Thanks for being so open and relating your story and for being open and honest about what you feel and what has been happening.
As a man, we both understand that too often we attach our value to our jobs and money – we want to be able to provide. So, yes, the challenges you have faced with work, career and money would have left you feeling down.

It also seems to me that you are very hard on yourself and you feel as if you are not good enough which is not true.

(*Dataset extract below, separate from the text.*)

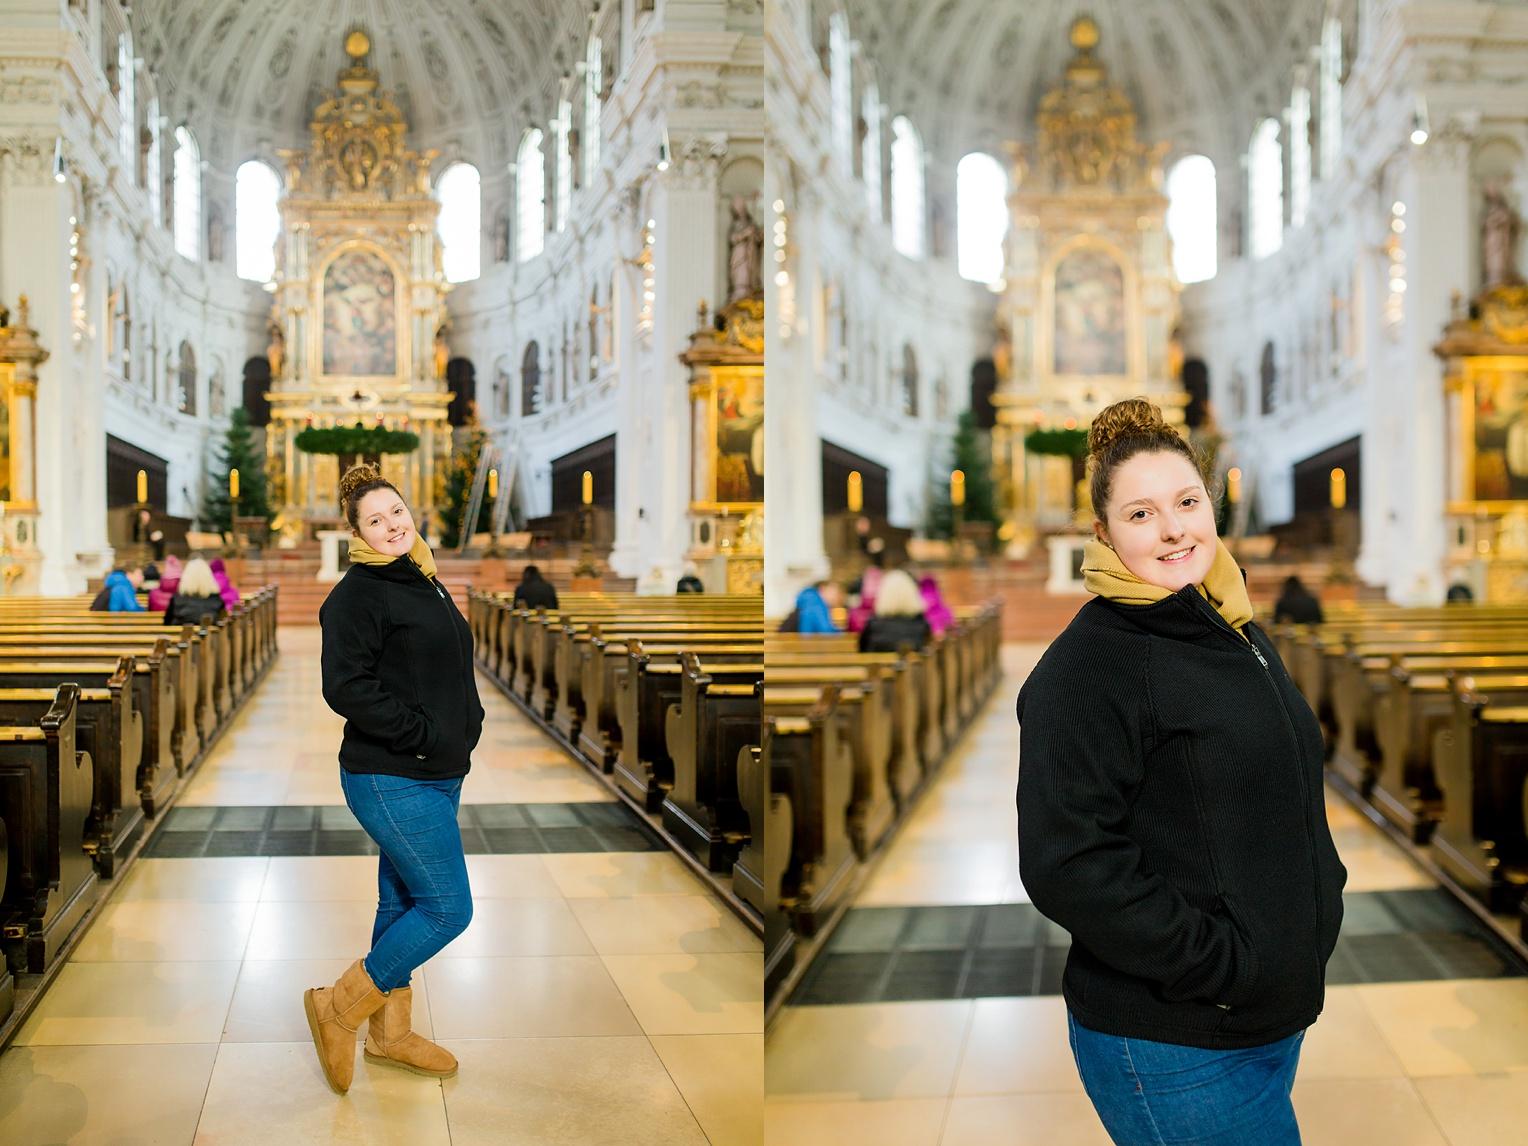 Christmas in Europe Part I: Munich, Berchtesgaden, and Salzburg

Here are some suggestions and observations:

1. there is resentment and frustration in the relationship – you resenting the fact that she had to pay for you and she resenting it also.
2. You must talk about the above (point no.1) so that you can both let go of the resentment otherwise that alone will kill your relationship and the love you have for each other.
3. Speak openly with her about how you feel – don’t blame anyone – just say how you feel i.e. “I feel stupid and weak that I had to ask you for money or depend on your for money.”
4. It’s natural that when we feel stressed out or down, we cannot or at least, find it hard to be humorous – so forgive yourself for that
5. Speak to her about the incident where she spoke about the toilet seat “in front of friends (with a slight smile) “; tell her how you feel – don’t blame. Instead say “when you spoke about such and such, I felt such and such.” Also, ask questions, “I was confused, I wasn’t sure whether your were being humorous or if there was another intention. What was your intention with that comment?”
If you feel that it is not something you would want her to do again in public, then say so – but do so gently yet firmly.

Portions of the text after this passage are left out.